W poniedzialek caly dzien czulem sie zamulony, ledwo zywy. Do ostatniej chwili zastanawialem sie czy isc na trening czy odpuscic. WYvralem 2 opcje i nie zaluje padly rekordy
HST skonczone, bede teraz przez kolejne 10dni lecial FBW wg wlasnej intuicji.
Postanowilem rowniez pobic rekordy w martwym ciagu i wyciskaniu na lawce plaskiej.
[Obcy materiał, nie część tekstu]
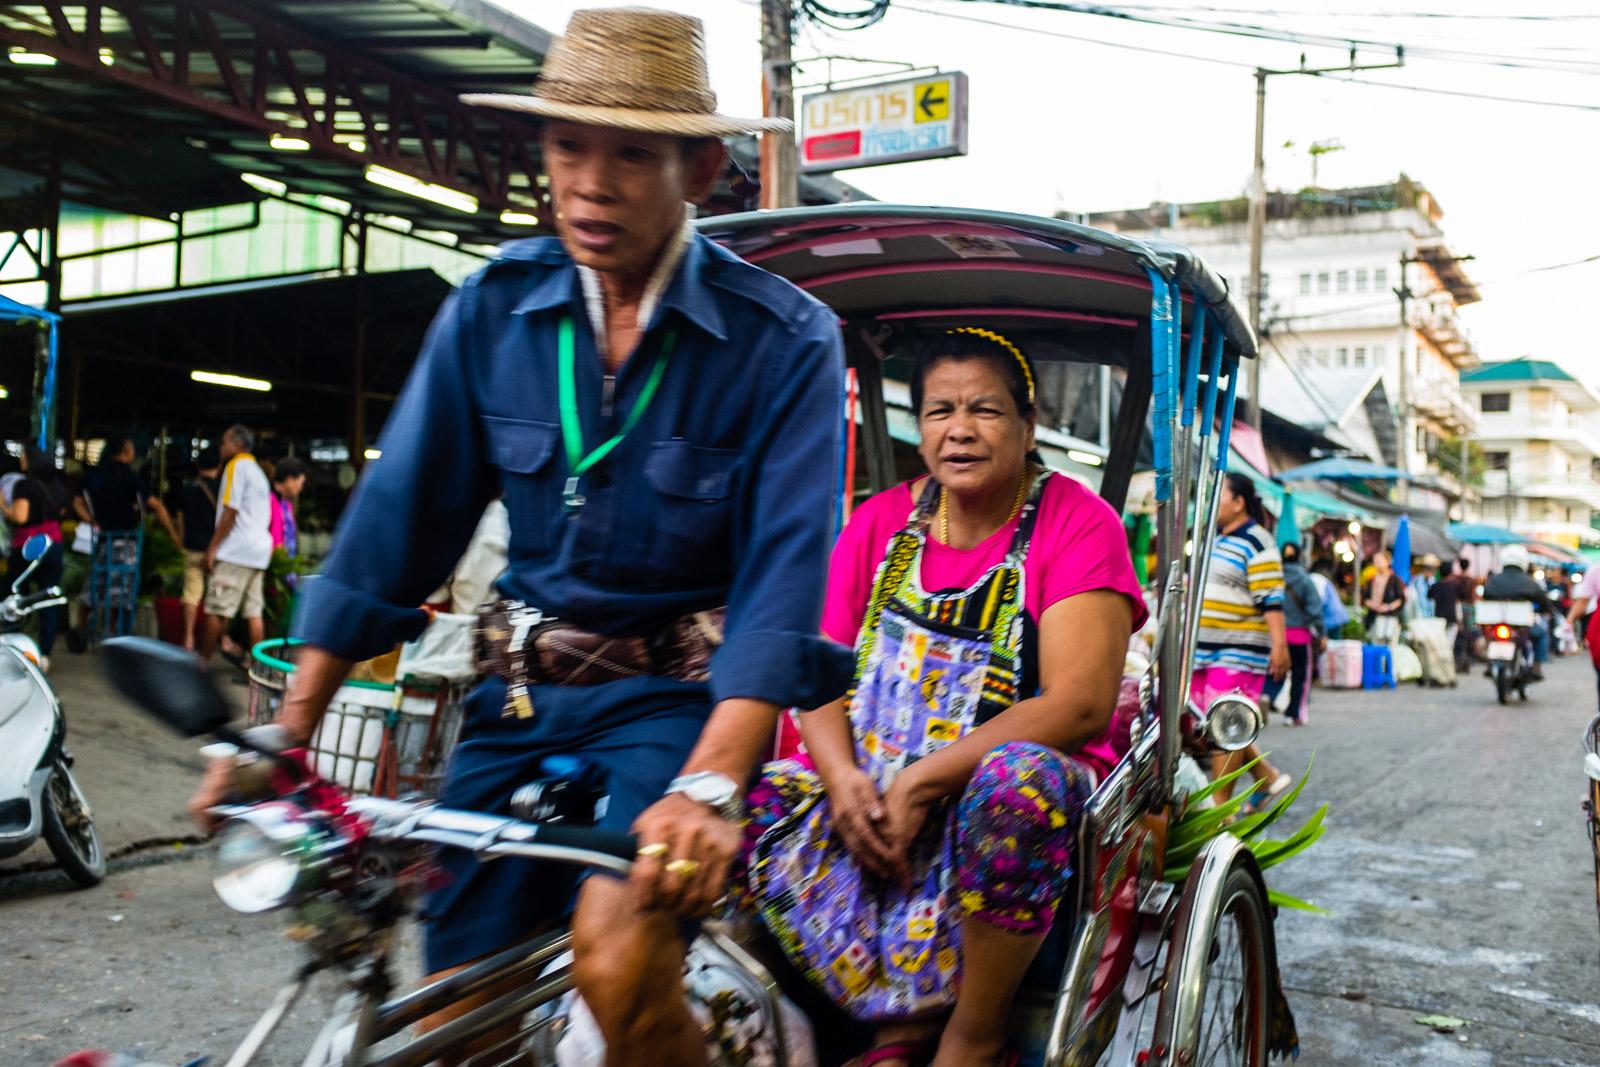 Bicycle rickshaw

Martwy ciag 100kg x10 150kg x 8 180kg x1 200kg x1 ! NOWY REKORD
Podciaganie nachwyt szeroko +20kg x 5 x5
Wyciskanie sztangi lawka pozioma 80kg x 10 100kg x 10 130kg x1 140kg x1! NOWY REKORD - niestety brak filmu gdyz kamerzysta musial asekurowac
Uginanie hantli stojac 25kg x5 x5
Prostowanie ramion na wyciagu gornym 23.5kg x5 x5
Rekordy pobite- w martwym ciagu byl zapas, jednak nie dokladalem wiecej. Moze w przyszlym tygodniu jeszcze raz podejde.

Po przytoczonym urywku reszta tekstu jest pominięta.